Building the Normalization Pipeline
Here’s the full pipeline — an OddsNormalizer class that accepts raw odds from multiple sources and outputs a clean, unified structure.
import pandas as pd
from datetime import datetime, timezone
from typing import Optional
class OddsNormalizer:
def __init__(self):
self.converter = OddsConverter()
self.records = []
def ingest(self, raw_data: list[dict], source: str, odds_format: str = "american"):
for event in raw_data:
sport = event.get("sport", "unknown")
home = normalize_team(event["home_team"], sport)
away = normalize_team(event["away_team"], sport)
timestamp = to_utc(event["last_update"])
stale = is_stale(timestamp, source)
for market in event.get("markets", []):
market_type = MARKET_TYPE_MAP.get(
market["type"].lower(), market["type"].lower()
)
for outcome in market.get("outcomes", []):
prob = self._convert(outcome["price"], odds_format)
self.records.append({
"sport": sport,
"home": home,
"away": away,
"market_type": market_type,
"outcome_name": outcome["name"],
"outcome_point": outcome.get("point"),
"implied_prob": prob,
"raw_price": outcome["price"],
"source": source,
"timestamp": timestamp,
"stale": stale,
})
def _convert(self, price, fmt: str) -> Optional[float]:
try:
if fmt == "american":
return self.converter.american_to_prob(int(price))
elif fmt == "decimal":
return self.converter.decimal_to_prob(float(price))
return None
except (ValueError, ZeroDivisionError):
return None
def to_dataframe(self) -> pd.DataFrame:
df = pd.DataFrame(self.records)
if df.empty:
return df
df["event_key"] = df["sport"] + "|" + df["home"] + "|" + df["away"]
return df.sort_values(["event_key", "market_type", "timestamp"])
def compare(self, event_key: str, market_type: str = "moneyline") -> pd.DataFrame:
df = self.to_dataframe()
subset = df[(df["event_key"] == event_key) & (df["market_type"] == market_type)]
return subset.pivot_table(
index="outcome_name",
columns="source",
values="implied_prob",
aggfunc="last",
)
Example: normalizing NFL odds from three books
normalizer = OddsNormalizer()
# Book A returns American odds
normalizer.ingest(book_a_response, source="bovada", odds_format="american")

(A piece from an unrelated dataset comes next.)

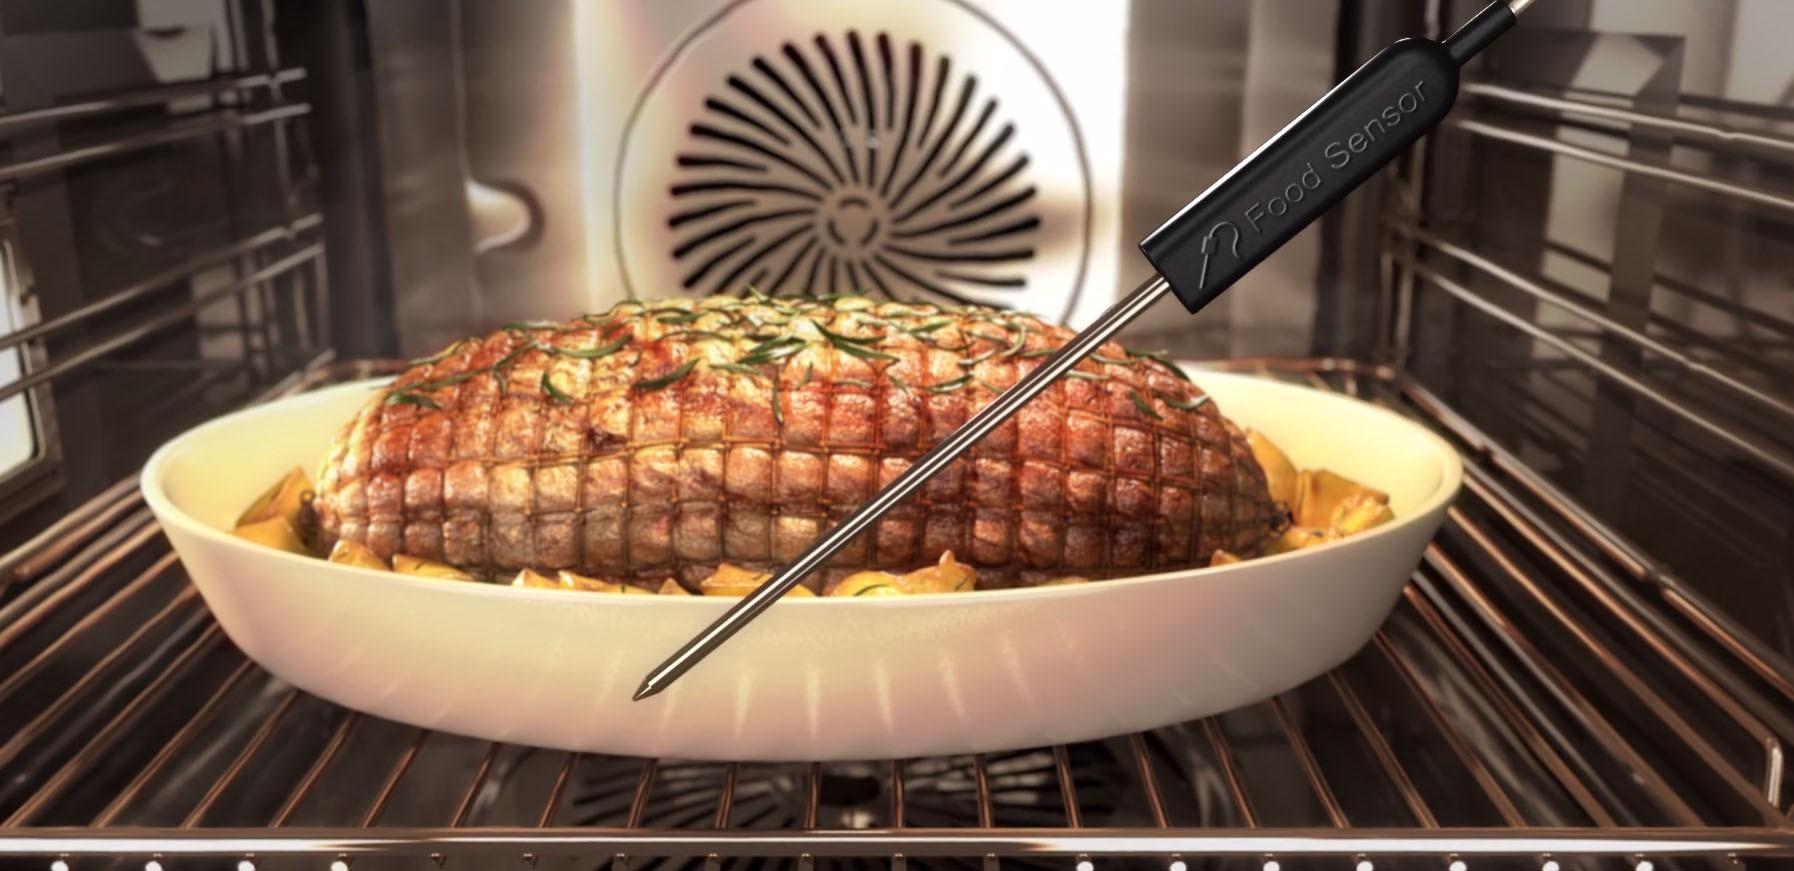 Utensilios Archivos   El Aderezo   Blog de Cocina, Gastronomía y Recetas

# Book B returns decimal odds
normalizer.ingest(book_b_response, source="betonline", odds_format="decimal")
# Book C returns American odds
normalizer.ingest(book_c_response, source="mybookie", odds_format="american")
df = normalizer.to_dataframe()
print(df[df["event_key"] == "nfl|KC|BUF"].head(10))

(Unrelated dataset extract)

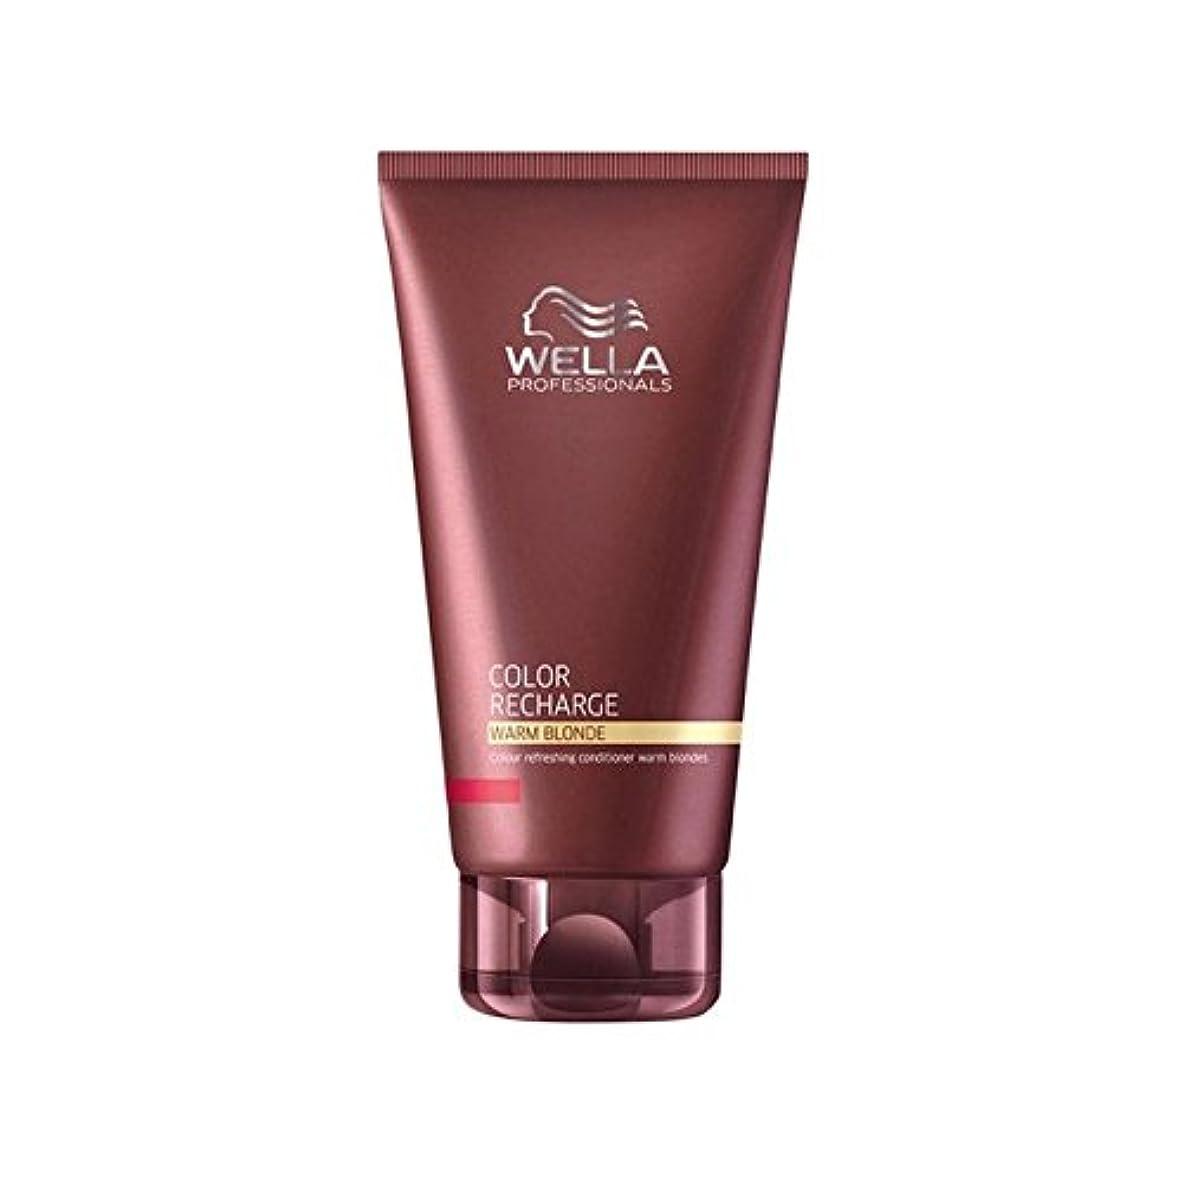 ランプエスカレーター分析的Wella Professionals Color Recharge Conditioner Warm Blonde (200ml) - ウエラ専門家のカラー再充電コンディショナー暖かいブロンド(200ミリリットル) [...

Output: a single DataFrame where every row has a normalized team identifier, a standardized market type, an implied probability, and a UTC timestamp — regardless of which book it came from.
Call compare() to get a cross-book comparison for a specific event:
normalizer.compare("nfl|KC|BUF", market_type="moneyline")

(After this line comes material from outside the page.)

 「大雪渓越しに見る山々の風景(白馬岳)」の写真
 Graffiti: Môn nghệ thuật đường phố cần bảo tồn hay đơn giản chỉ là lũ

This returns a pivot table with outcome names as rows and books as columns, each cell containing the implied probability. You can see at a glance which book is offering the best price on each side.
Handling Edge Cases
The pipeline above covers the happy path. Real-world data will test you.
Missing markets. Not every book offers every market. When Book A has a player prop that Book B doesn’t carry, the normalized DataFrame should have NaN for Book B on that market — never a synthesized value.
Suspended markets. Books pull markets from their board when lines are moving fast or when there’s breaking news. Your pipeline should track market status and exclude suspended lines from active comparisons. A suspended line at -110 is not the same as an active line at -110.
Half-point differences. Book A offers Chiefs -3.5, Book B offers Chiefs -3. These are different markets and should not be directly compared. Group by the point value in your spread and total markets — outcome_point in the data model above serves this purpose.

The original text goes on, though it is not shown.